Atomic Bomb is positively Spector-esque in its ambition, although curiously enough, it’s not a showy record, the playing being mostly subservient to the songs.

Rating: 8 ½ / 10

Peter Murphy, 04 Nov 2004

I happen to like the title. Very Dr Strangelove. Very poultice on the weeping wound of the latest age of anxiety. Post 9/11, Bono was apt to point out that U2 had been writing songs about bombs in briefcases as far back as ‘Seconds’ from War, and indeed most of us born before the ’70s grew up under the influence of Amis’s and Einstein’s monster, Threads and The Fate Of The Earth, nervous systems warped by fear of the three-headed Revelations beast that was Three Mile Island/Sellafield/Chernobyl and a long threatened nuclear winter. But if U2’s answer to the titular question is, “With love” then Stanley Kubrick might’ve added, “… and laughter”, black comedy being the only sane response to totalitarian madness. Which is why this writer thought the Zoo TV carny U2’s most fascinating period and why consequently I was uneasy about the retrospective airbrushing of the ’90s ‘irony’ era that saw ‘The Fly’ get swatted off the last Best Of.

However, these are largely matters of style and not substance, and All That You Can’t Leave Behind was a record of at least a half-dozen skyscraping tunes that left U2 better equipped to deal with the fall(out) tour of 01 than just about any other touring act. And now, three years later, we find the foursome seemingly rewriting one of Morrissey’s best lines and asserting that if it’s not the bomb, then it’s love that will bring us together.

And with pop’s prevailing left-field winds being mostly retro garage and art rock, U2 are in the rather jammy position of being old enough to claim first generation kinship with the spiritual forebears of this year’s models such as Interpol (Joy Division) or Franz Ferdinand (Television), while also playing the cool uncles to Coldplay or Snow Patrol. In short, they’ve managed to survive that gruesome ‘legendary’ status while avoiding the slings and arrows of self-parody that plagued the Stones and is starting to cause REM problems.
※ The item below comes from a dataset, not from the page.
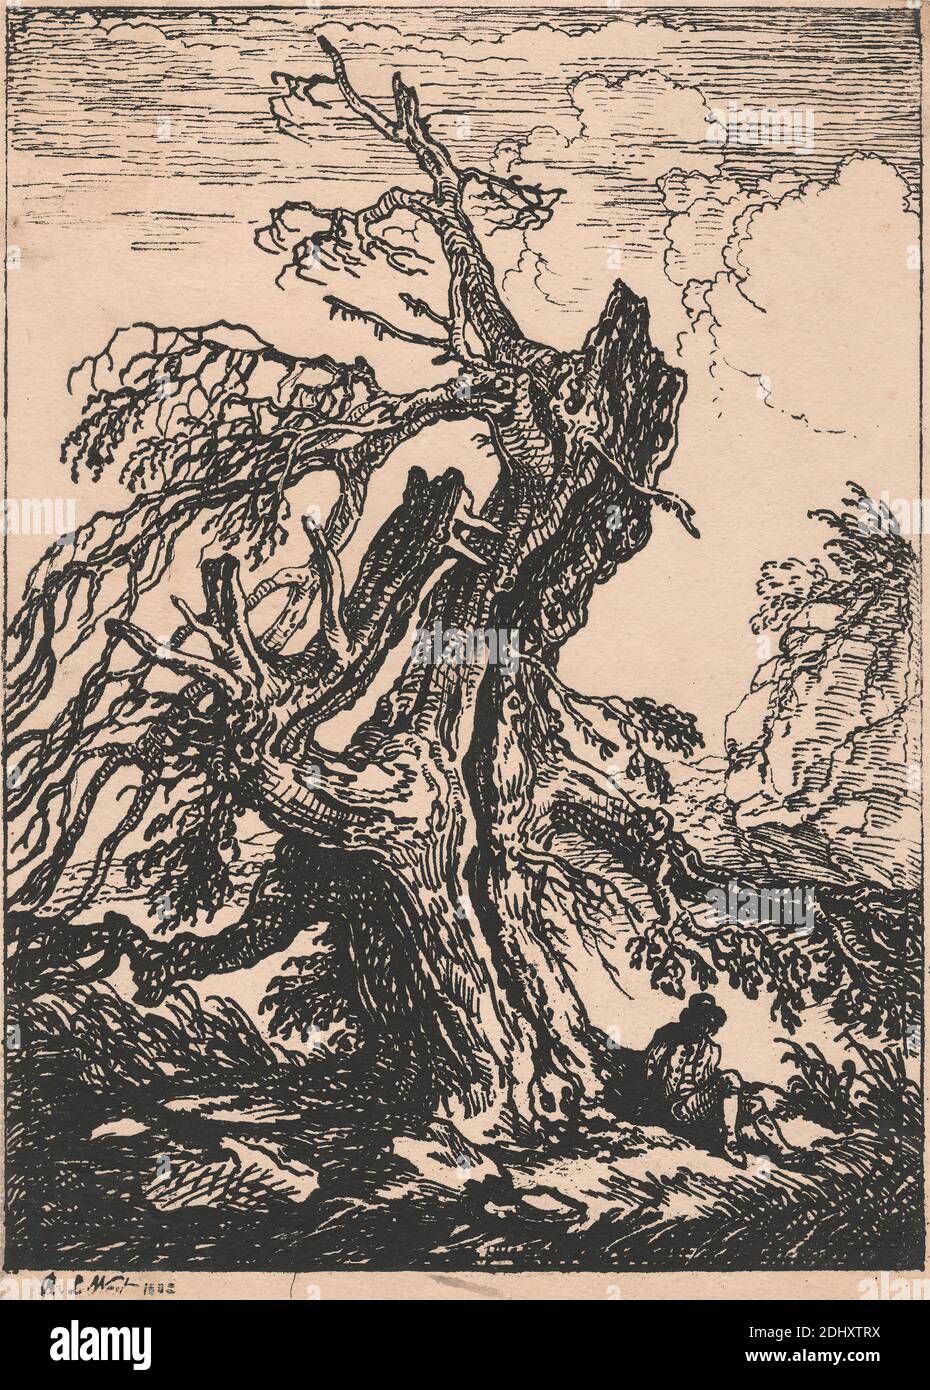 Estudio de un árbol, Raphael Lamar West, 1769–1850, British, 1802, publicado en 1807 Foto de stock

But when early reports telegraphed this as Edge’s record, they were obviously referring to his choirboy melodic instincts as much as an addiction to noise. Atomic Bomb is positively Spector-esque in its ambition, although curiously enough, it’s not a showy record, the playing being mostly subservient to the songs. The most sonically dense track, a scuzzy strolling blues by the name of ‘Love And Peace Or Else’, is also the least potent tune – elsewhere they were wise to give melody its head.

In fact, the opener ‘Vertigo’ – a full bore rocker with higher bpm count than is the Adam ‘n’ Larry norm – sounds almost self-consciously like the U2 of Boy (a record that, for all its gauche and gangly ungainliness, still deserves a place in their best five albums). Here, we’re at a place called déjà vu, halfway between ‘Out Of Control’ and ‘I Will Follow’, with a thick-midriffed Steve Jones guitar sound courtesy of Chris Thomas. It’s as if they’ve reversed that Achtung diktat of four-legs-U2-bad, taken a look at their collective selves in the mirror and figured, well, if you get the face you deserve at 40-something, you better learn to live with it.
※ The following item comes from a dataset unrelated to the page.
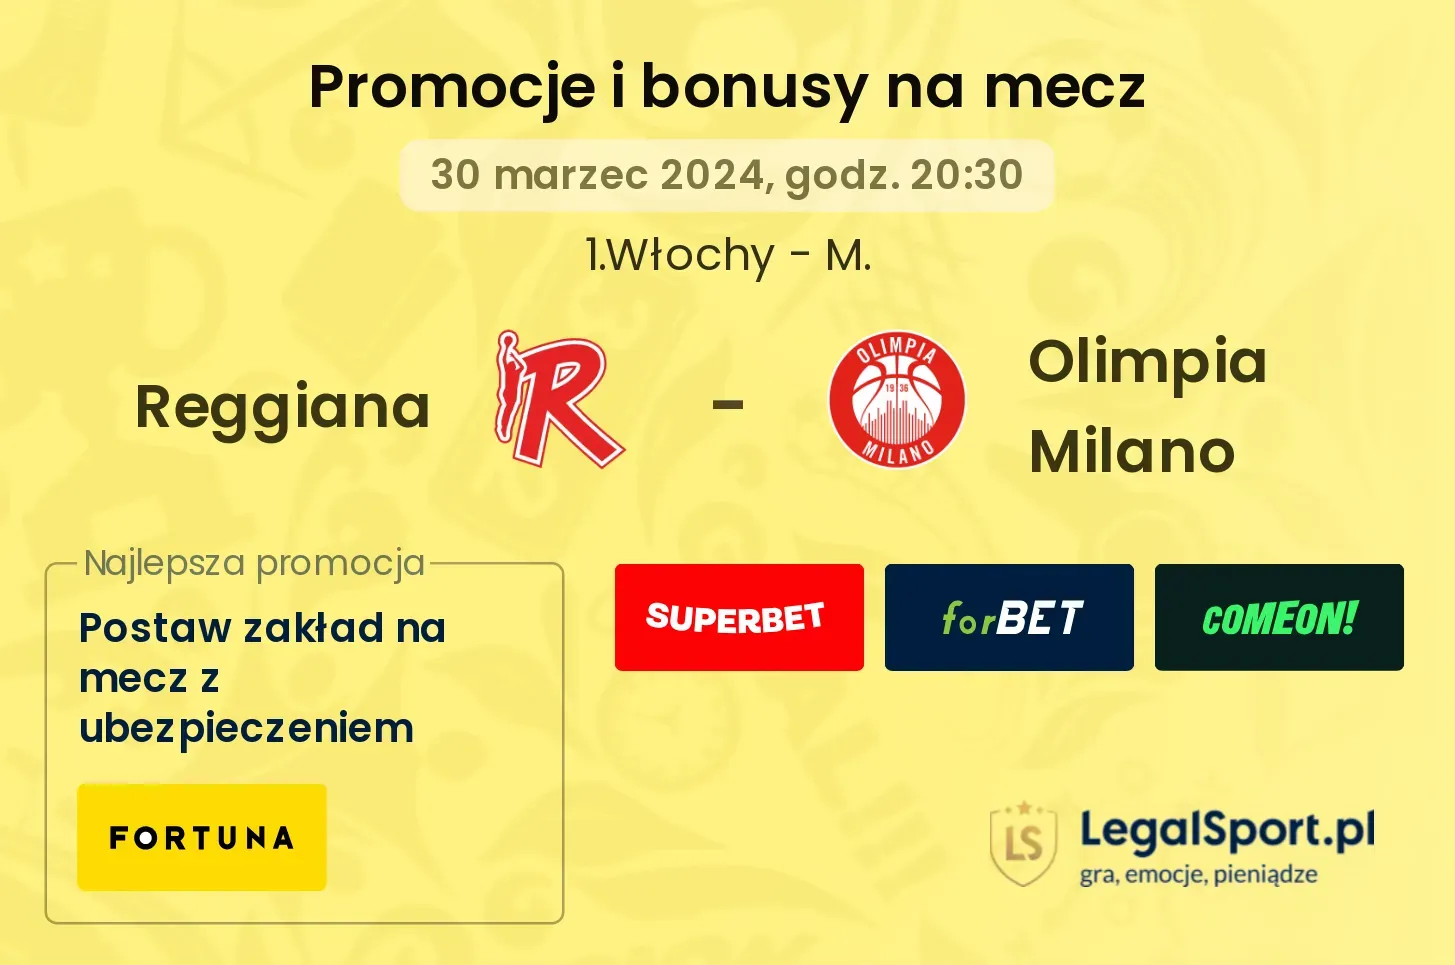 Reggiana - Olimpia Milano promocje bonusy na mecz

Hence the resurrection of sounds we haven’t heard in a long time: tinkling celeste, twinkling harmonics, vocal melodies that bear out Bono’s onstage body language. Like the last album, this is one big outreach programme, only moreso. ‘Sometimes You Can’t Make It On Your Own’, with its ‘Fool To Cry’ falsetto, is this year’s ‘Stuck in A Moment’, one of those tunes that on first listen sounds like you’ve met in it a former life. Further in, ‘A Man And A Woman’ constructs a bright, late-night atmosphere deftly underpinned by the rhythm section’s less-is-more, while the clear-air turbulence of ‘Crumbs From Your Table’ is torn between the graceful air and the bitter word (“With a mouthful of teeth/You ate all your friends/And you broke every heart thinking every heart mends”).

But ‘City Of Blinding Lights’ is for my money the album’s masterpiece, with both Edge and Bono having seemingly purloined melodies from the seraphim. The opening one-minute-twenty sequence is little short of celestial, its slide guitar and glassy piano recalling the panavisions of Unforgettable Fire. If you’re looking for a five minute testimony as to why U2 still matter almost 30 years on, here’s the evidence.

In its entirety, Atomic Bomb seems to assert that real life is what happens when you get distracted trying to save the world. It’s a very adult record – and by that I mean x-rated emotions rather than either porno gymnastics or pipe ‘n’ slippers: here is bereavement, family (“Freedom has a scent/Like the top of a newborn baby’s head”), celebrity (“I’m not broke but you can see the cracks”), the champagne and cocaine of romance versus the sustenance of love – all the messy stuff.

To slap a bookend on this review, Alex Cox once said of Kubrick that by A Clockwork Orange he’d stopped stealing from other artists and was now referencing himself – which you can take either as a vindication of singular vision or an indictment of insularity. Musically, Atomic Bomb might be U2 anthologising themselves (the roll call of producers – Lillywhite, Flood, Eno, Lanois, plus new boy Jacknife Lee – reads like a career-long flashback), but this time out the ends justify the strategy.

Like the man said: I think we’re gonna need a bigger lens.